_Your objective_.
Only one stretch of the data should be retyped: the lines from the line containing "Chrysanthemum White Stock Photos" through the line containing "light weight summer". Keep pictures out of it.

_Entries provided_.

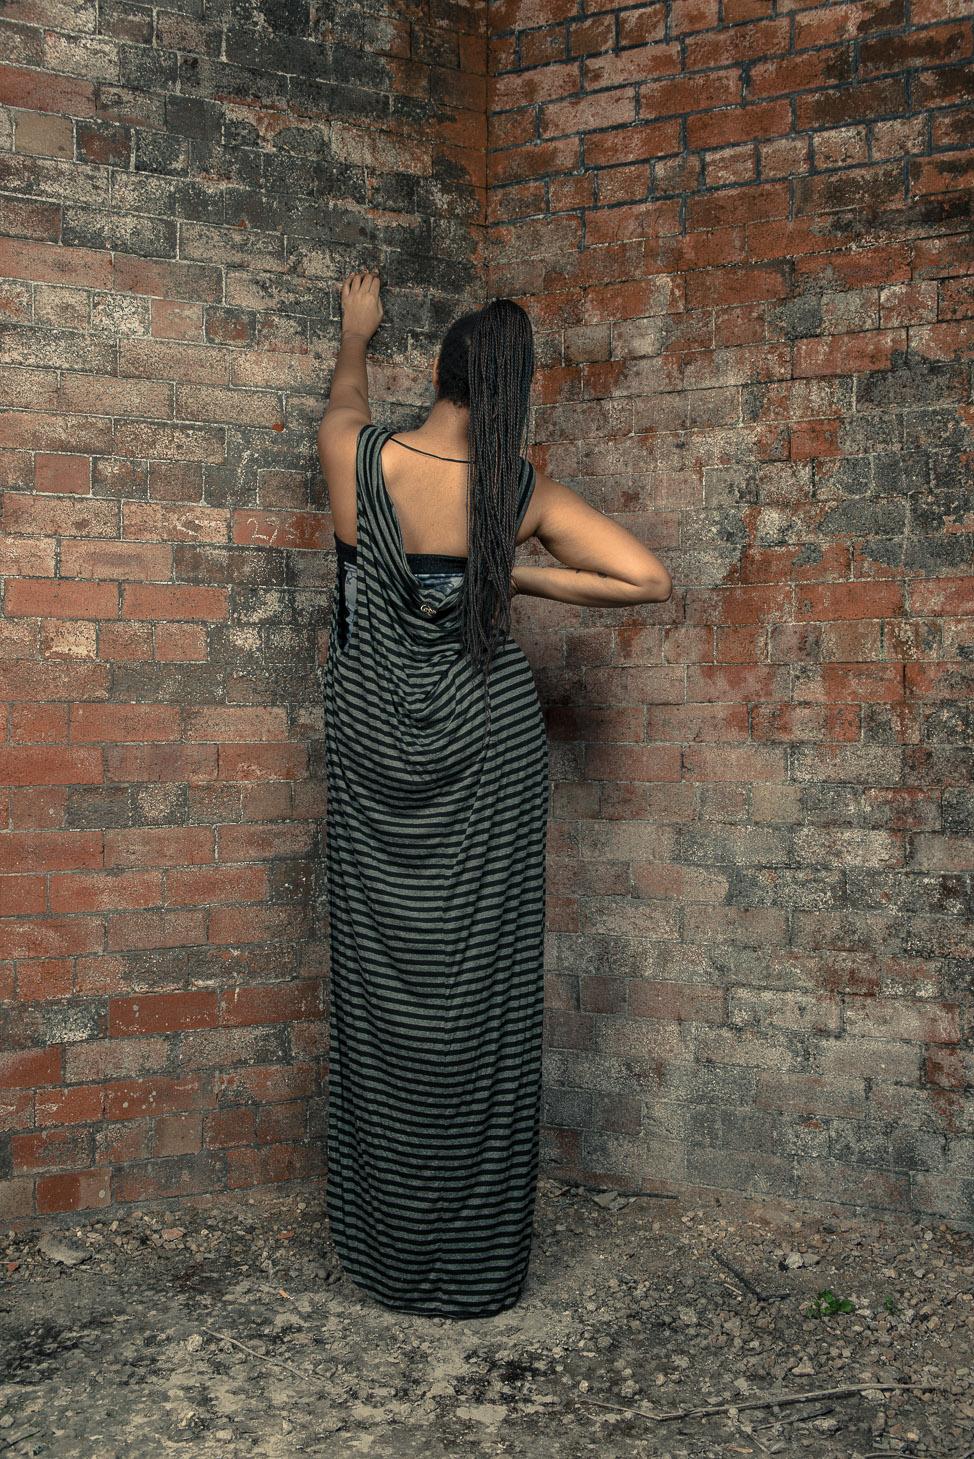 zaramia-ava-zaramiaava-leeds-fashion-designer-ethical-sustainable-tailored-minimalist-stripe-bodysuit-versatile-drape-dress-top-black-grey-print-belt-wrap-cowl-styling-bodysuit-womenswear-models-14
---
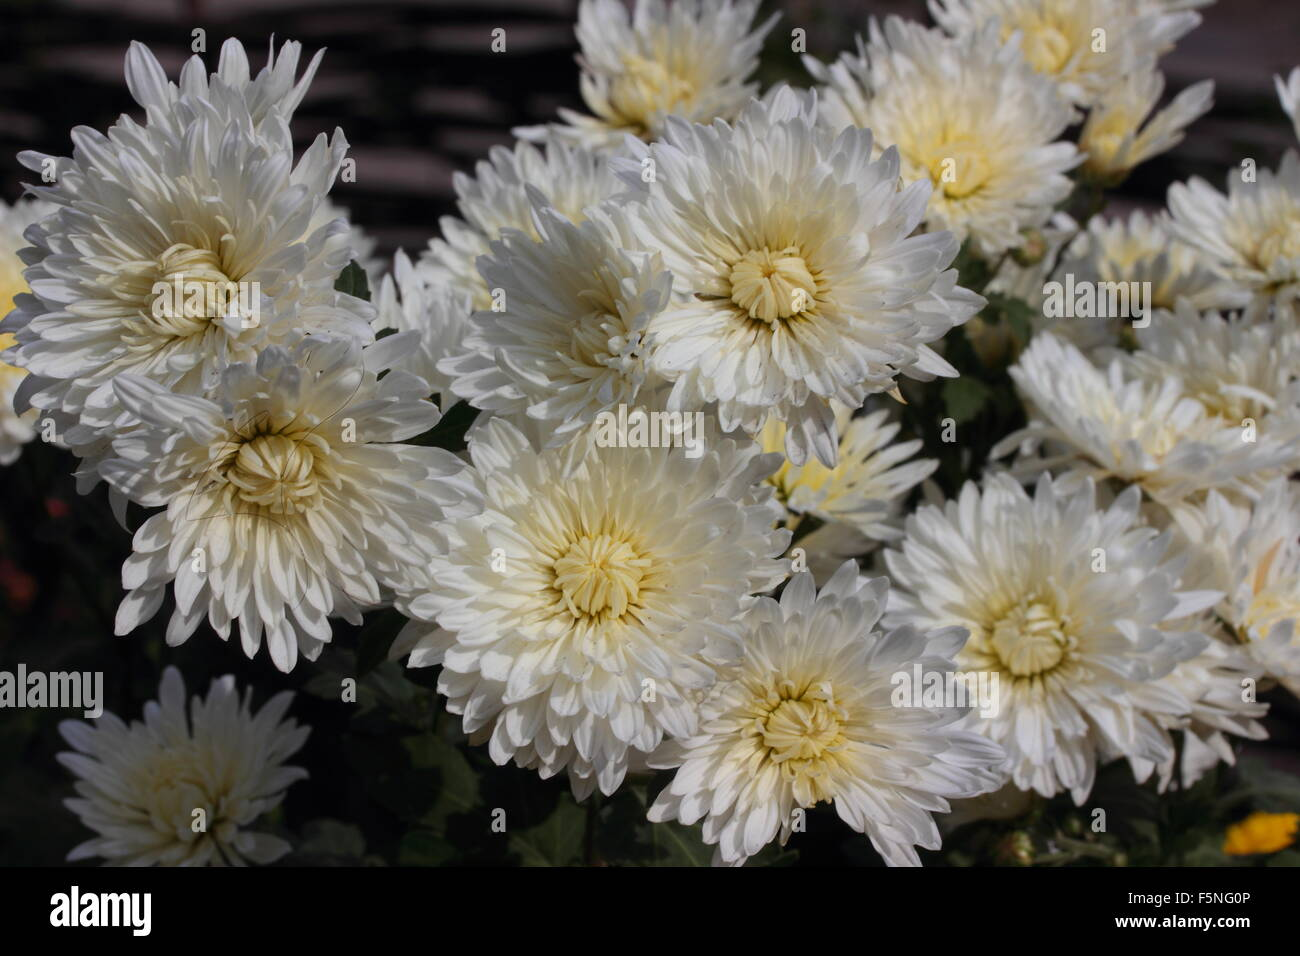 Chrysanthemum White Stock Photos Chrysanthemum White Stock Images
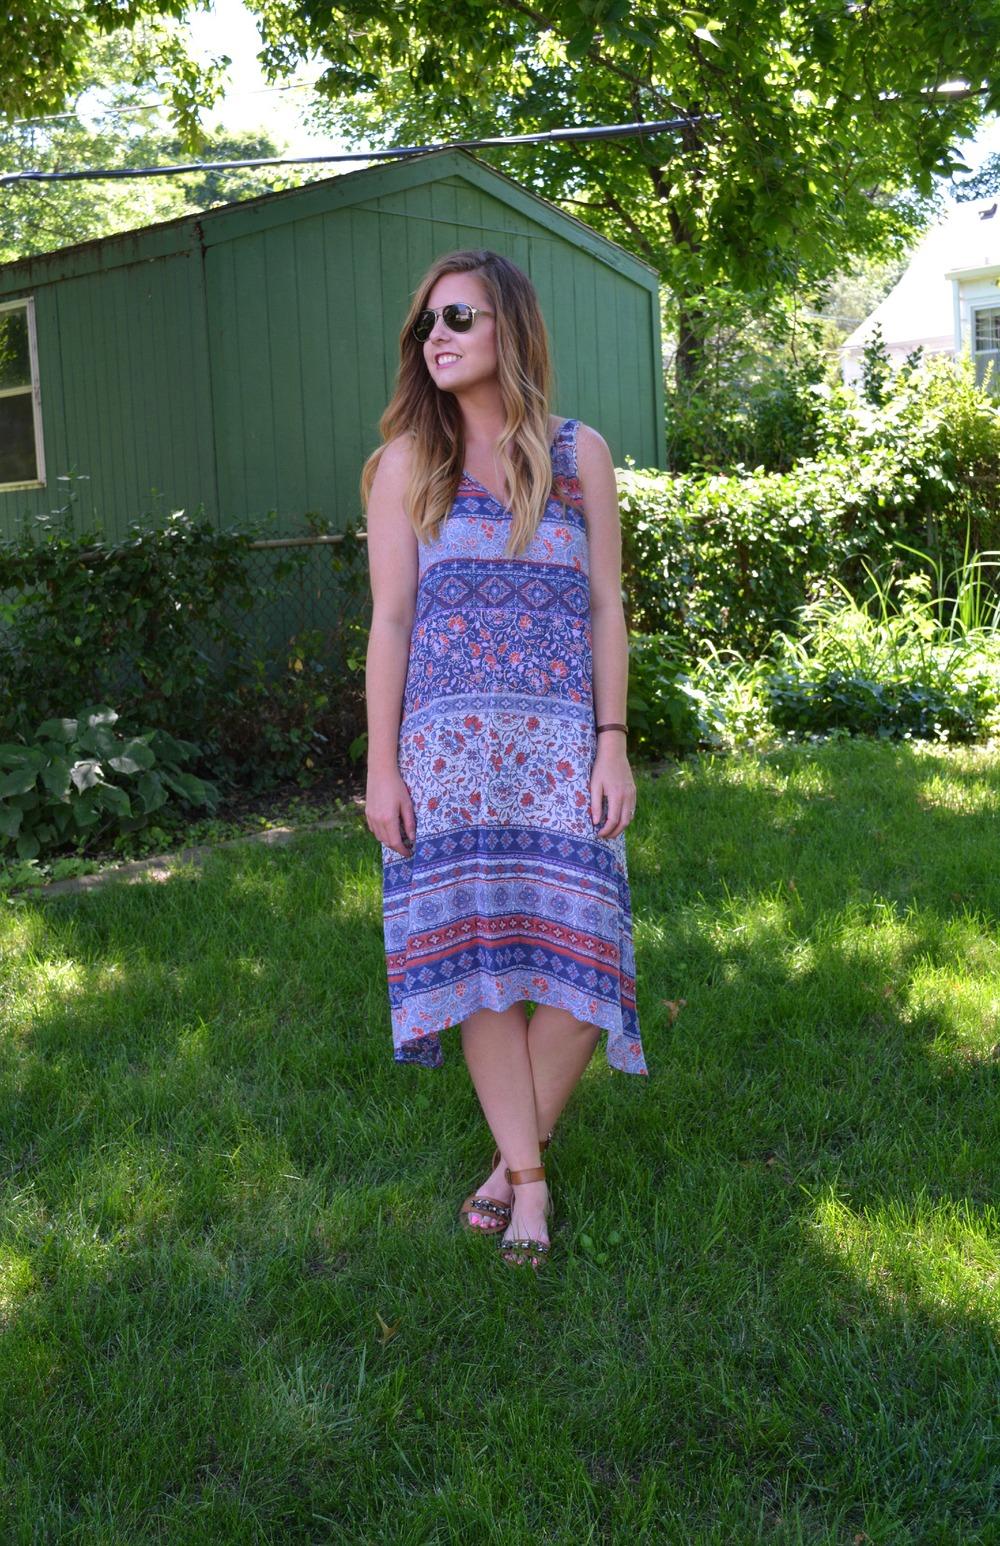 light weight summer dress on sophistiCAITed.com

_Exercise answer_.
 Chrysanthemum White Stock Photos Chrysanthemum White Stock Images
 light weight summer dress on sophistiCAITed.com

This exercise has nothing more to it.